We found the IFOPA but there was no UK equivalent. We took some time to deal with the news and then decided we had to do something to support the research into a treatment. We couldn’t just sit back and let this happen to our little boy. Chris joined the Board of the IFOPA and we began to fundraise to support the research team at Oxford University. Over time, other families joined with us and FOP Friends was born as a registered charity. Our main aim was to offer support and information to new families: friendship in the darkest of days when you have been given those three devastating words. Whilst we couldn’t change the diagnosis for new parents, we could ensure that they didn’t feel alone on this journey.
Running a charity was never one our life goals, it was thrust upon us and we are still learning as we go. We take our inspiration from the community we support. We do some fundraising as a family, but the charity also offers support to others who fundraise for the charity. We pride ourselves on the personal touch, aiming to thank everyone who raises money and awareness for FOP Friends. When they donate to us, they really do make a difference and it is truly appreciated. People have organised fundraisers from grand events like running teams and gala dinners, to some of our younger friends getting sponsors to have their long hair cut or selling unwanted toys to make money to support their friend who has FOP. Our longest fundraiser is by Oliver’s grandma who has held line dancing evenings for Oliver for the past 8 years and has raised over £30,000 for research into FOP.
As well as coordinating fundraising efforts, we also help families who have just received the shattering news that their child has an incurable, progressive illness. Whilst we don’t have a magic wand, we can help them come to terms with the diagnosis in their own time. As the UK’s charity, we can connect the new parents to other parents who truly understand how they feel and with whom they can develop life-long friendships. Facebook has been a lifeline to families and opens a world of support and advice for parents of a rare child. We don’t have any medical expertise, but we do know the best people in the world who are experts in FOP. We can connect the new diagnoses to all these experts, and this is a great comfort to the families.

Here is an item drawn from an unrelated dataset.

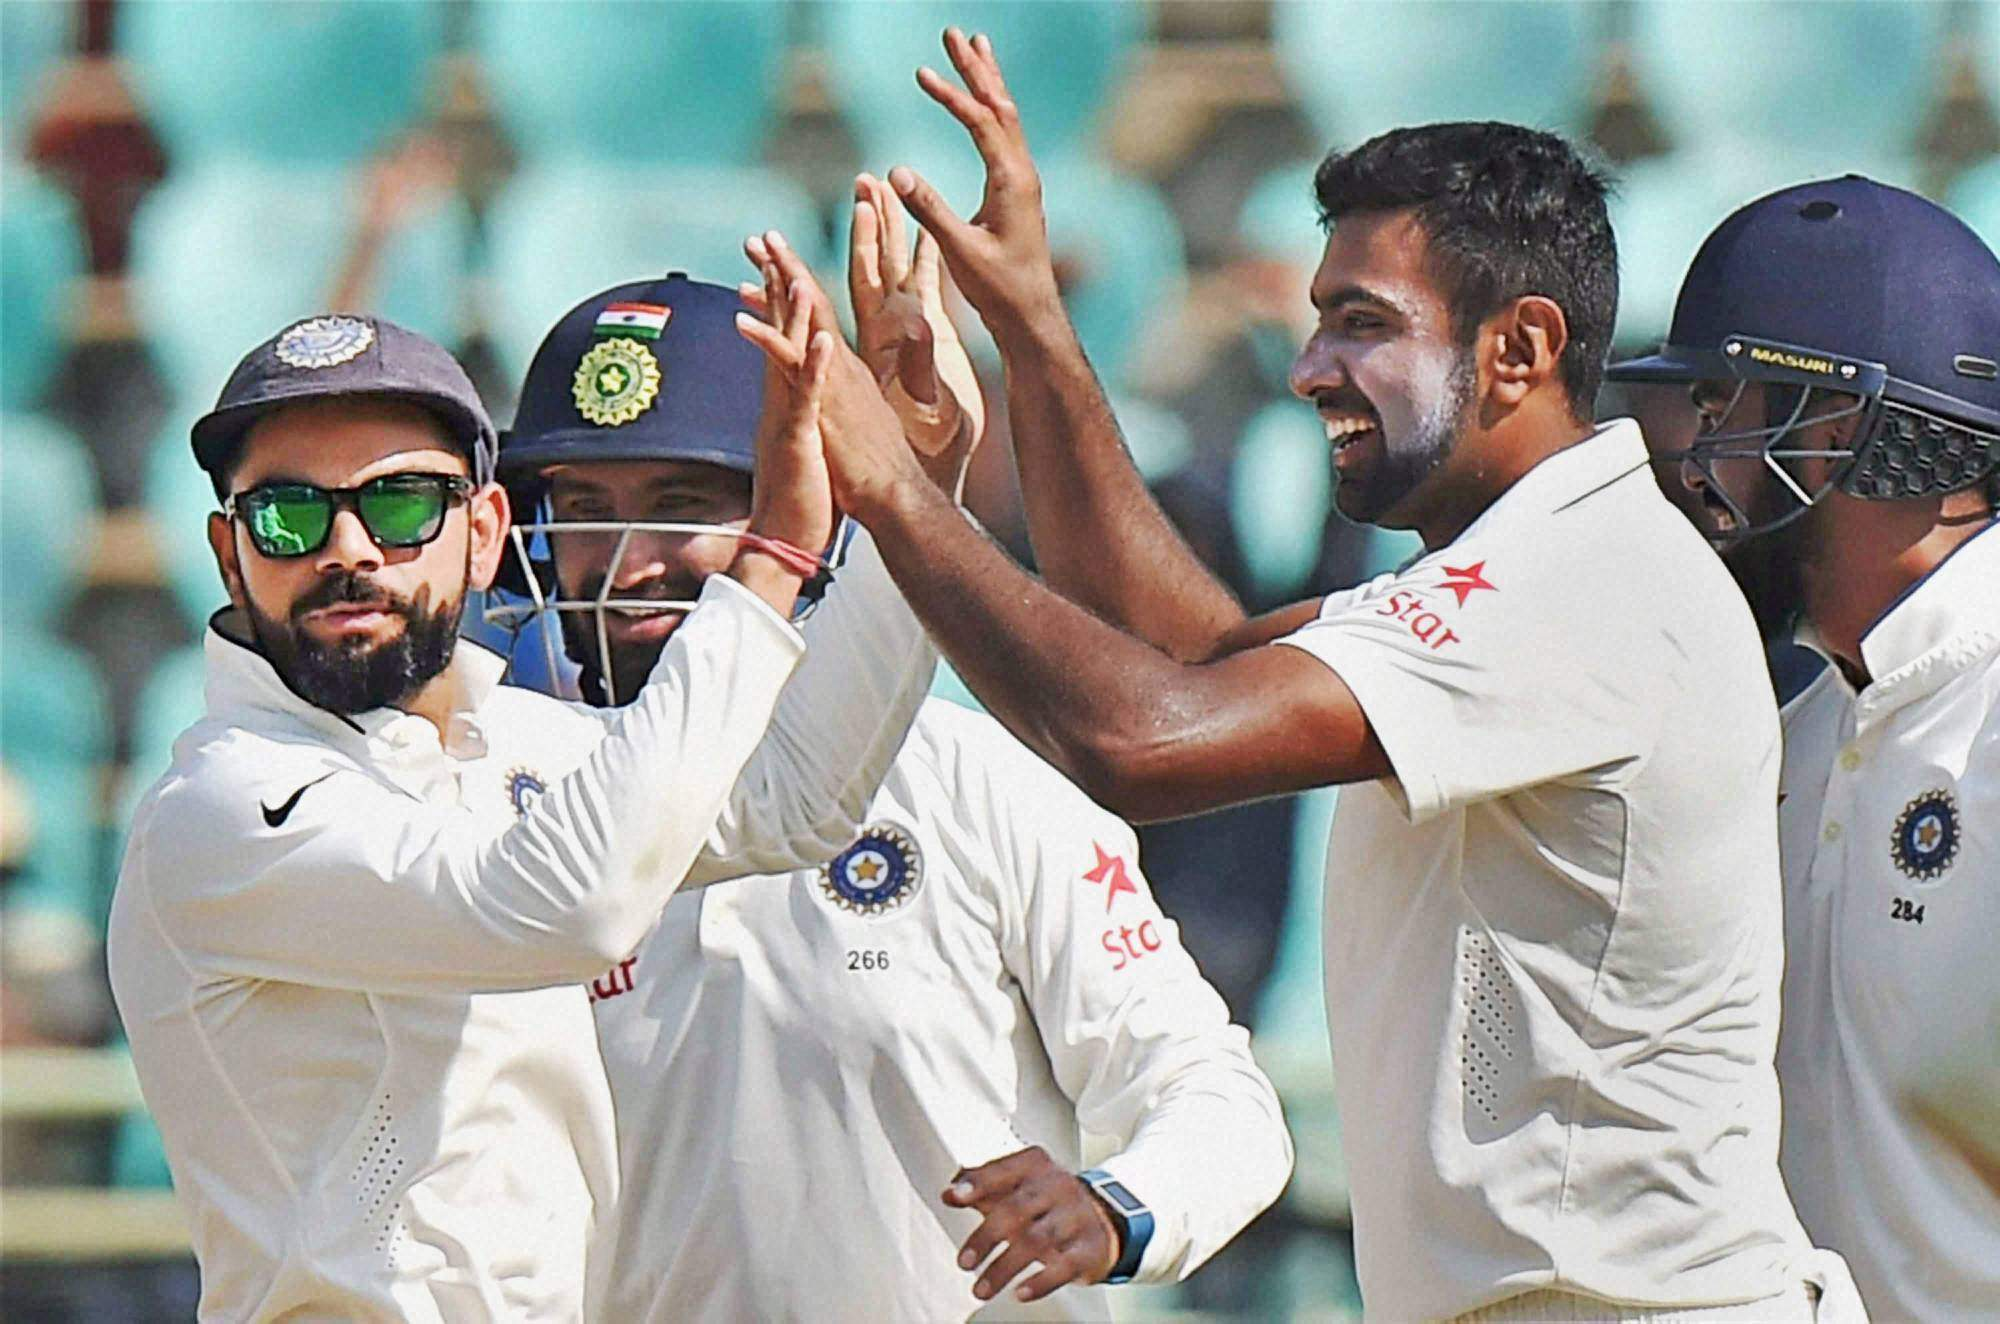 अफगानिस्तान के खिलाफ टेस्ट मैच के लिए भारतीय टीम में इन 15 खिलाड़ियों को मिलेगी जगह, विराट की जगह जाने कौन होगा टीम का कप्तान 7

Perhaps our greatest achievement as a charity is our Conference and Family Gathering which we hold every two years. Last year was our third event, and the best one yet! It is attended by the world’s experts as well as the families and is a truly joyous and inspirational occasion. It means everything to the families and patients to be around others who understand. They can just feel comfortable around others without having to explain: they belong. Feedback we receive from attendees tells us we’re doing something right, as one researcher explained, “what [FOP Friends] put together was simply terrific… I hope that it could serve as a model for other organisations that deal with rare diseases and have a patient centric mission and focus…I feel honoured and lucky to have been a part of this”.
We have also started to arrange Family Weekends for our children with FOP. This is such an important event because the focus is wholly on fun and friendship. There is no science, no research; just a swimming pool, trees and the opportunity to connect with other families. Our first event was such a wonderful weekend with the children and parents alike wanting to go back. The next one is planned for spring this year and we can’t wait!

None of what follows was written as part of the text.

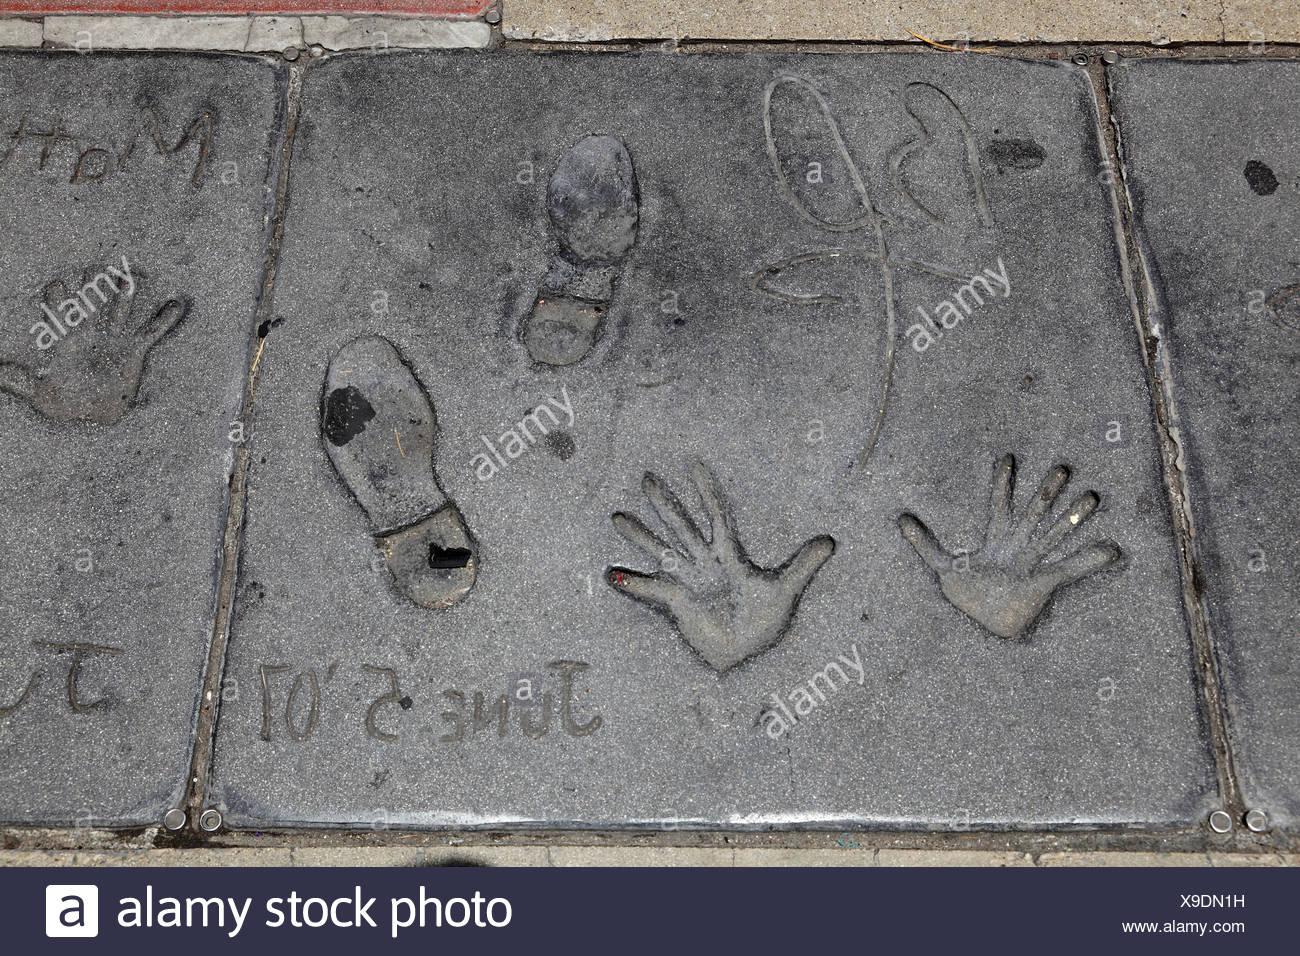 Pitt, Brad, * 18.12.1963, US-amerikanischer Schauspieler, Hand- und Schuh Drucke, Grauman's Chinese Theater, Hollywood Blvd., Hollywood, Los Angeles, Kalifornien, USA, Additional-Rights-Spiel-NA Stockbild

We are now in the fortunate position of having active clinical trials for patients with FOP, with that included children. The decision to give your child an unknown drug is huge for parents, balancing it against the risks of not doing anything at all. Our families are all desperate to find something that will help them, with many of them feeling optimistic with the trials available. As parents, we had to face the heart-breaking reality that Oliver would not be able to take part in the trial. Despite him wanting to take part, his abject fear of needles meant they couldn’t get the blood they needed. It was one of the most distressing things we’ve been through so far: we had to accept this was not going to be part of Oliver’s journey. Every day we count our blessings that the beast that is FOP has stayed quiet in Oliver: he has been physically unimpacted and lives a ‘normal’ life. But we know that our luck will run out one day, and that day could be tomorrow. We are living on borrowed time and a treatment that can keep our little boy, and all his FOP friends active, can’t come soon enough.
Until then we as a family, we as a charity, will continue do our best to change the future for those touched by FOP.
Helen and Chris Bedford-Gay. Oliver (10 with FOP), Leo (9), Harry(6).